店掌柜见沈彦白独自伤神,难得搁下算盘开口安慰他。
“郎君莫要伤怀了,一件不值财物的玩意罢了。”
在场众人交换了一个意味深长的眼神。
沈彦白委屈巴巴的开口:“我伤心了吗?”
店掌柜郑重的朝他点头。
沈彦白脸色更加不好了,满脸苦相。
“如此明显?”
四周陷入了短暂的沉默。
“分外明显。”
得到这番肯定沈彦白气得将罄铃往那堆铃铛里一扔,气呼呼的跑了。
没多久,那个一直跟在沈彦阿后面的女人从当铺后门步入来。店掌柜见到她立马恭敬上前,朝她一拜。
店掌柜愣愣的看着他,刚要唉声叹气直摇头,抬眼却又见沈彦白梗着脖子埋头走回来,又把铃铛给拿了回去。
“楼主,您作何还亲自前来了?”
“打发走了?”
“是的,按照您的意思早已将他打发走了。”
“做的不错。”
周蓁蓁说着,随手又扔给他一大袋金子。
“楼主,这太多了!用不完。”
“这些日子需要花财物的地方多,你手底下也有一群弟兄要养活,这些财物不算甚么。若是不够只管去锦绣阁,自会有人为你们置办清楚。”

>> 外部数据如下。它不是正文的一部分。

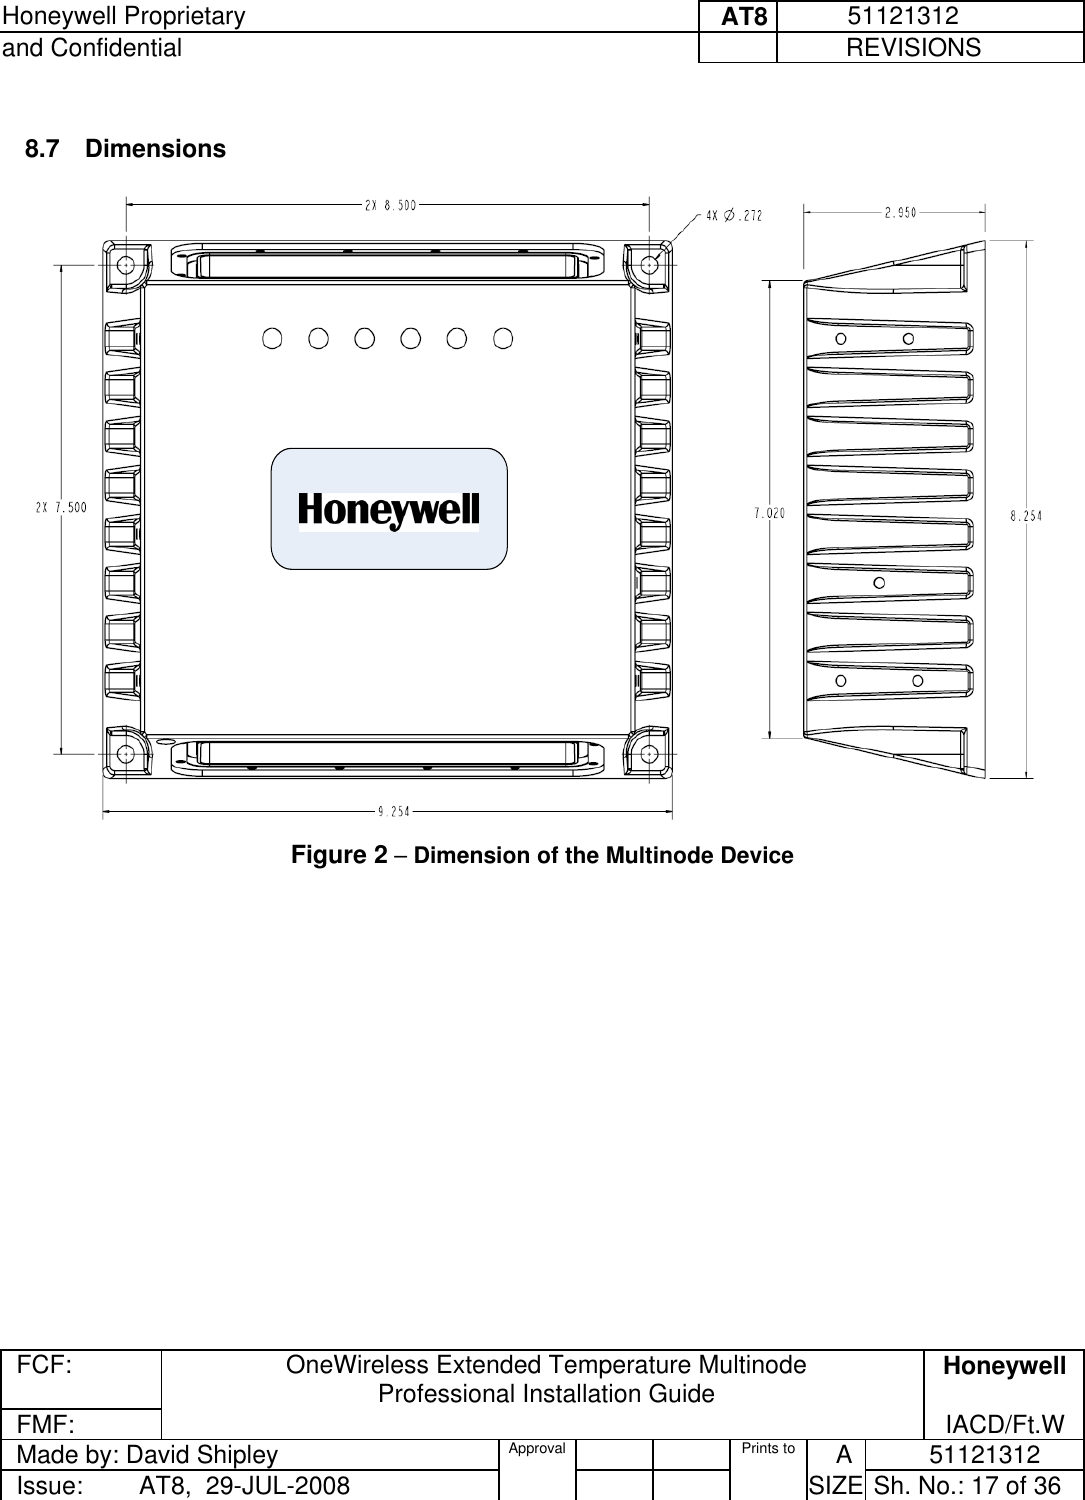 Honeywell Proprietary     AT8           51121312 and Confidential             REVISIONS  FCF: OneWireless Extended Temperature Multinode  Professional Installation Guide  Honeywell FMF:               IACD/Ft.W Made by: David Shipley  Approval   Prints to     A           51121312 Issue:        AT8,  29-JUL-2008          SIZE  Sh. No.: 17 of 36   8.7 Dimensions   Figure 2 – Dimension of the Multinode Device   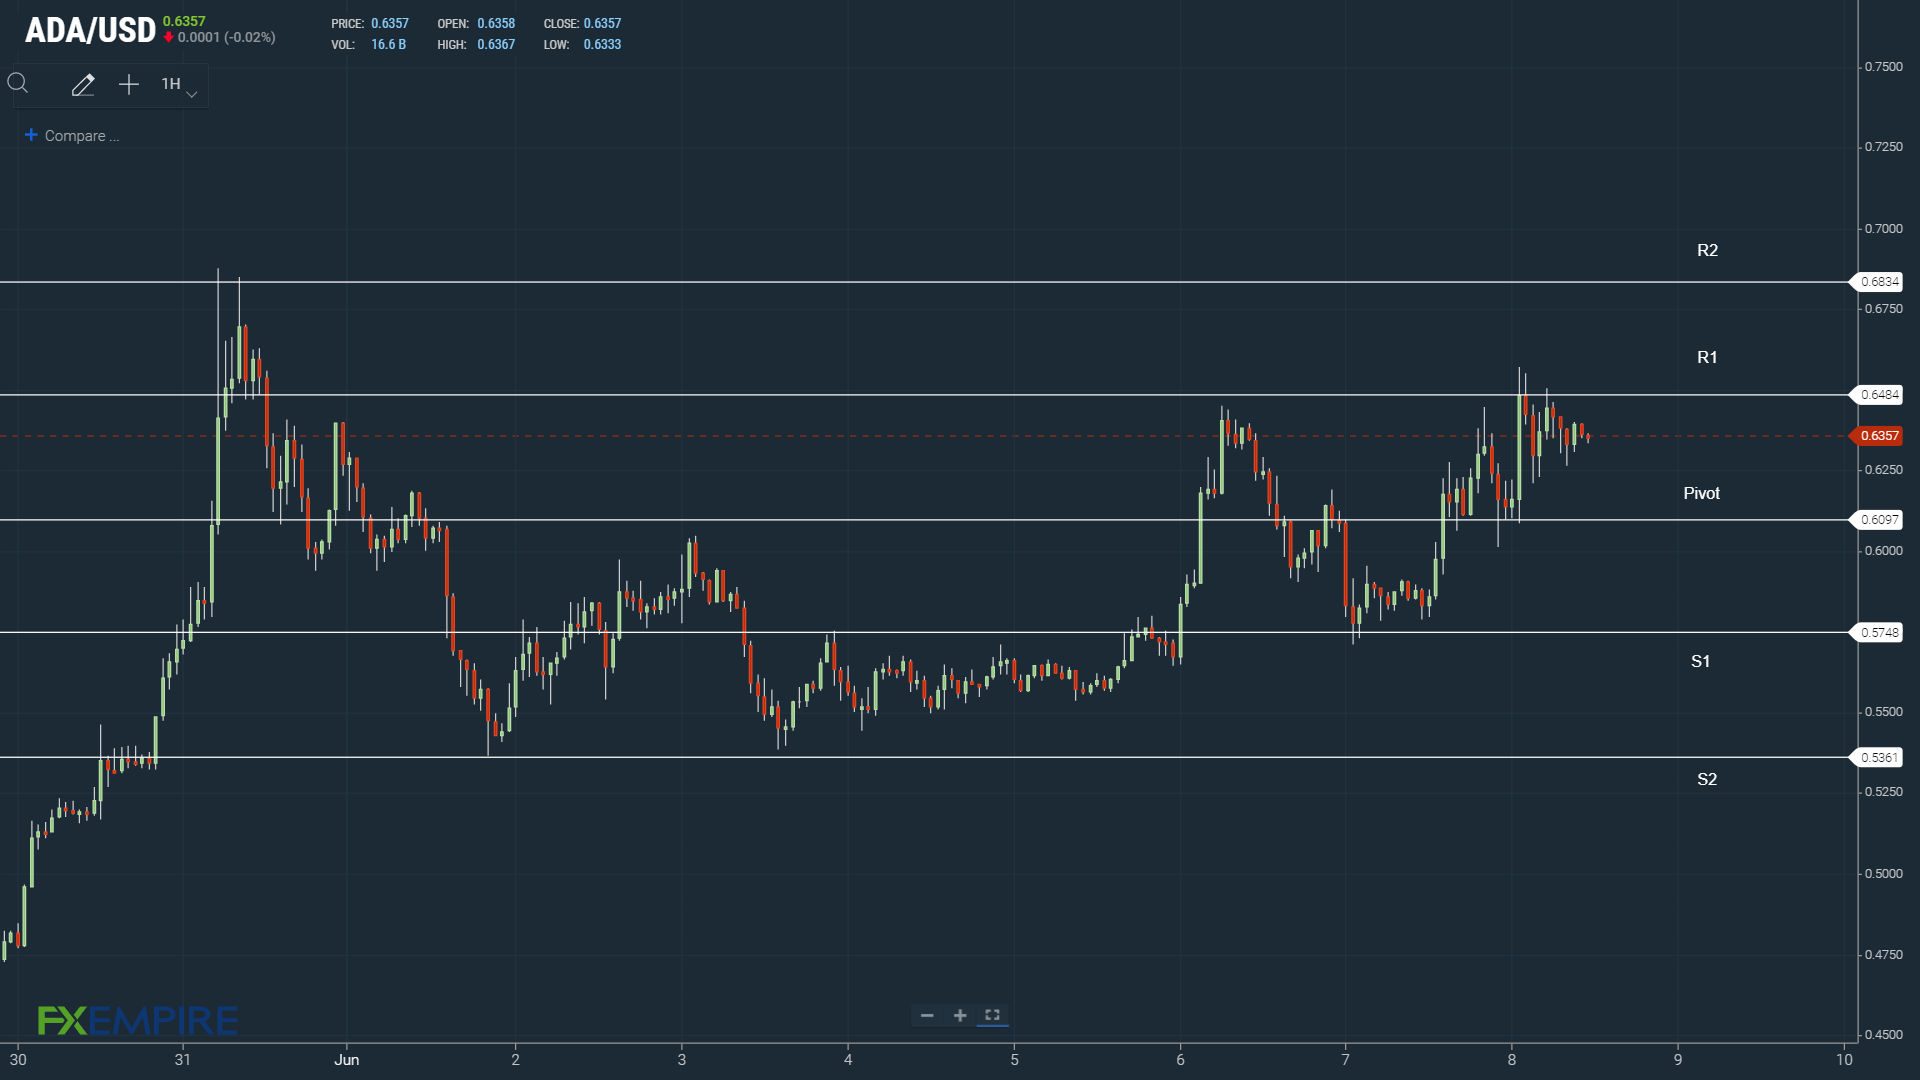 Cardano resistance levels in play.

“多谢楼主!”店掌柜不胜感激,可随即话锋又转,“楼主,我有一事不明。”
“说。”
“您为何要大费周章的弄那么多假的罄铃,何不直接告诉四皇子?我瞧着他寻人心切,若是寻不到您恐怕不会轻易安生。”
“不急,现在还不是时候。”周蓁蓁平静的回答。
她扭过头,注视着他,问:“之前交代你办的事情办的如何了?”
“非常顺利。楼主请放心,万事俱备只欠东风!待到明日迎春庙会后即可施行。”
“兹事体大,决不能出一丁点儿差错。更加不能叫沈彦白出差错,你再多安排些人暗中保护他,沈彦白一定要得活着。此物人对我们有大用。”
“是,楼主!”
周蓁蓁交代完这些事情后,又拉低了帷纱大步流星的朝门外走去。
……
黑雾山,官道。
两匹骏马疾驰在悠扬的官道上,两匹马不分伯仲。十一与半弦并驾而行,直到半弦的速度越来越慢,十一才终于发觉了不对劲。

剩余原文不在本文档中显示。